Из других западных историков следует упомянуть и американца Р. Пайпса. Сборник «Русская интеллигенция», посвященный памяти Е. Ламперта, дает следующее определение: «…общественное объединение, которое в силу своего образования было отделено от «народа», а в силу своего просвещенного, ориентированного на Запад мировоззрения — от монархии и ее бюрократического аппарата» (Pipes, 1961: 47).

В советском обществе (и это вторая точка зрения на то, что понимается под словом «интеллигенция») господствовало более общее представление об интеллигенции, которое включало в это понятие всю образованную часть общества.

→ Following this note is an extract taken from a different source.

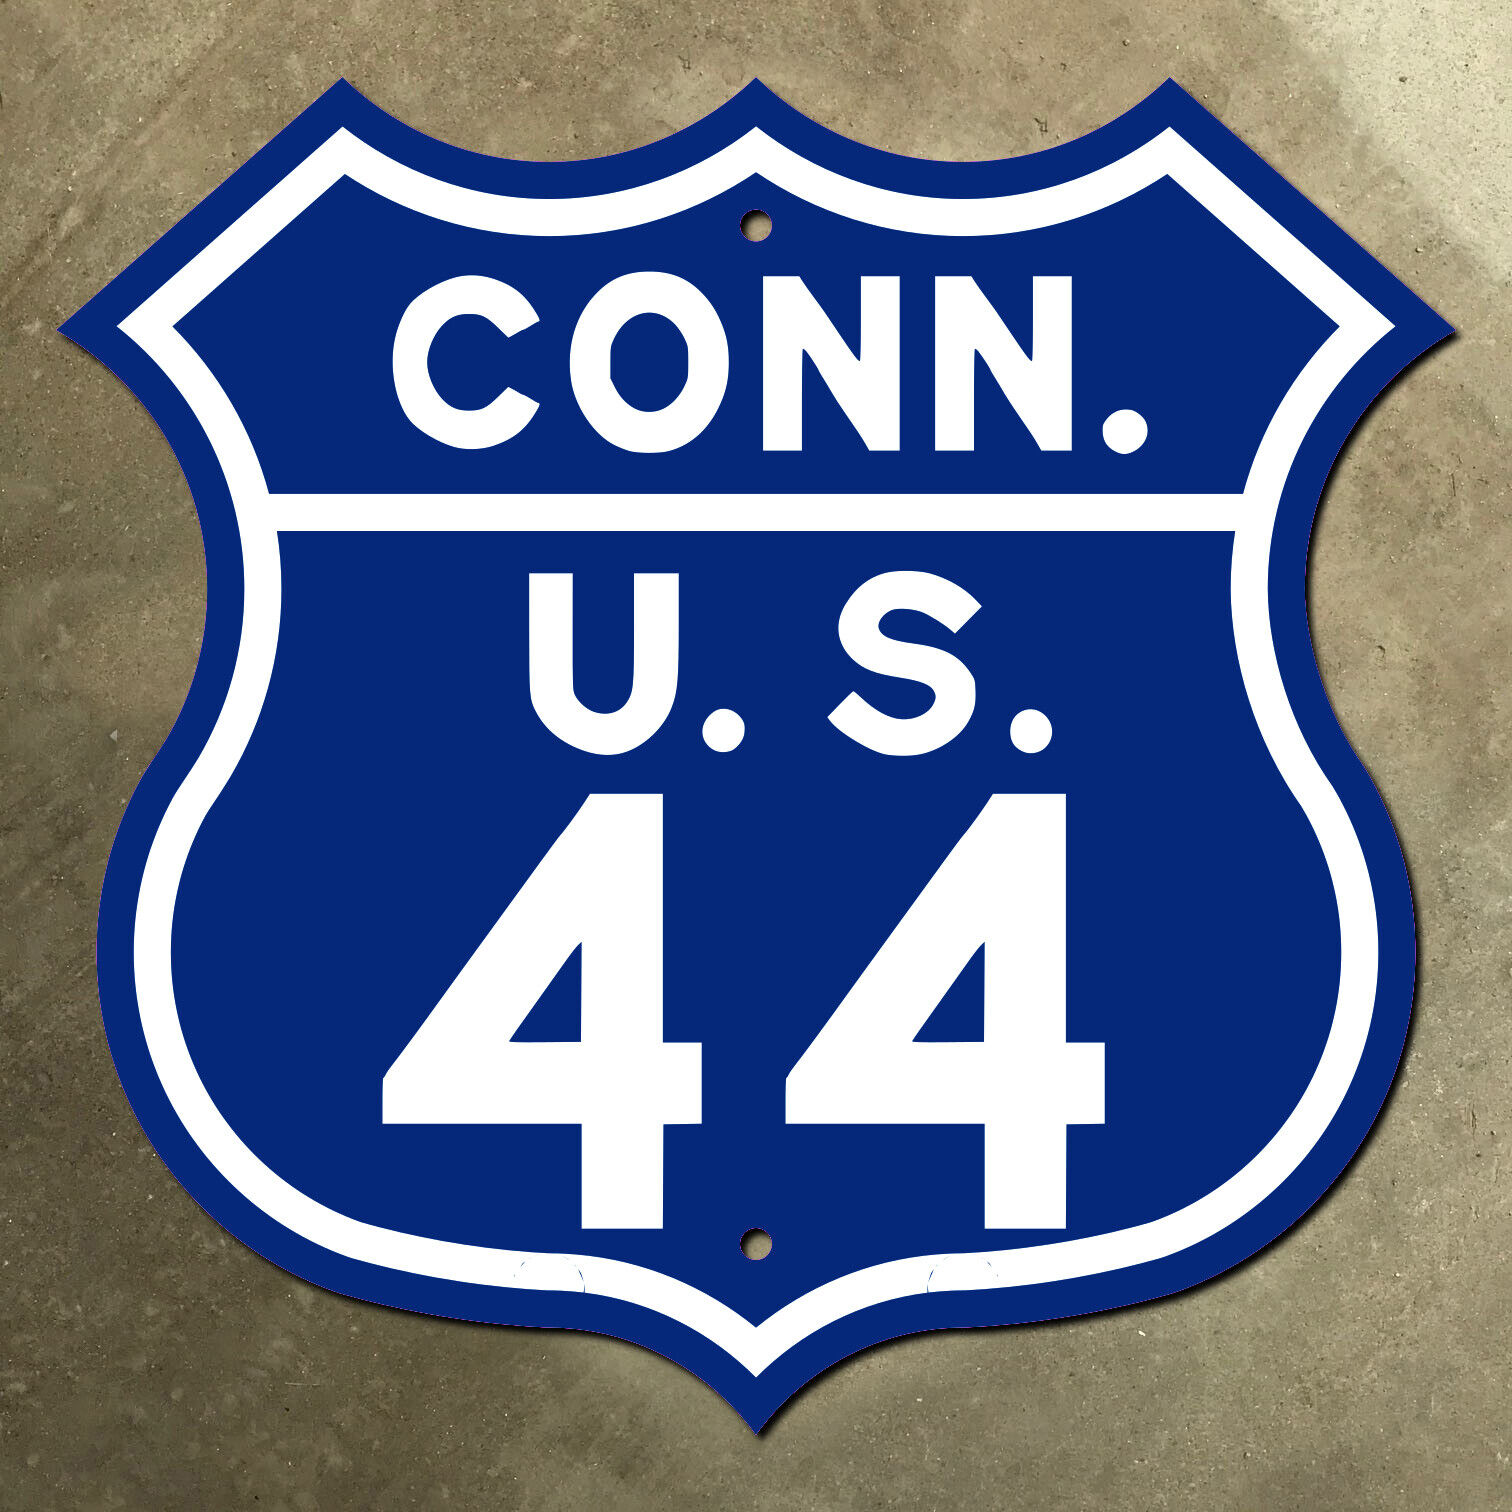 Connecticut US route 44 highway marker road sign shield 1957 blue Hartford

Еще В. И. Ленин сформулировал его следующим образом: «Интеллигенция — все образованные люди, представители свободных профессий вообще, представители умственного труда (brain worker, как говорят англичане) в отличие от представителей физического труда». При этом интеллигенцию не признавали классом, а только некоей «прослойкой» общества.

Подобного рода определение представляется слишком общим и универсальным. Оно совершенно не объясняет, что же делало русскую интеллигенцию столь уникальной, что вызывало жаркие споры о месте интеллигенции в русской истории в начале XX в., почему это слово вошло в мировые языки и чем она отличается от intellectuals и educated society. Однако именно в этом значении — образованная часть общества — оно закрепилось не только в специальной литературе, но и в повседневном обиходе в советский период и в значительной мере сохранилось по сей день.

Именно его придерживаются все основные словари, справочники и энциклопедии советского периода. «Историческая энциклопедия»: «Общественная прослойка, в которую входят лица, профессионально занимающиеся умственным трудом. Интеллигенция играет большую роль в развитии общества, с ее деятельностью в первую очередь связано развитие науки, техники, искусства, народного образования и т. д.» (Историческая энциклопедия, 1965: 111). «Толковый словарь» Ожегова (середина XX в.): «Люди умственного труда, обладающие образованием и специальными знаниями в различных областях науки, техники и культуры; общественный слой людей, занимающихся таким трудом».

Наконец, современные российские издания пытаются объединить две позиции — как сложную дореволюционную и эмигрантскую, так и упрощенную советскую. «Большой энциклопедический словарь» (2-е изд., 1998): «Общественный слой людей, профессионально занимающихся умственным, преимущественно сложным, творческим трудом, развитием и распространением культуры. Понятию интеллигенция придают нередко и моральный смысл, считая ее воплощением высокой нравственности и демократизма. Термин «интеллигенция» введен писателем П. Д. Боборыкиным и из русского перешел в другие языки». «Российская цивилизация. Энциклопедический словарь»: «Интеллигенция — социальная группа, отличающаяся занятием умственным трудом, высоким образовательным уровнем и творческим характером своей деятельности, сохраняющая и несущая в другие социальные группы ценности и достижения мировой культуры, а также характеризующаяся специфическими психологическими чертами и позитивными нравственно-эстетическими качествами» (Российская цивилизация, 2001: 78).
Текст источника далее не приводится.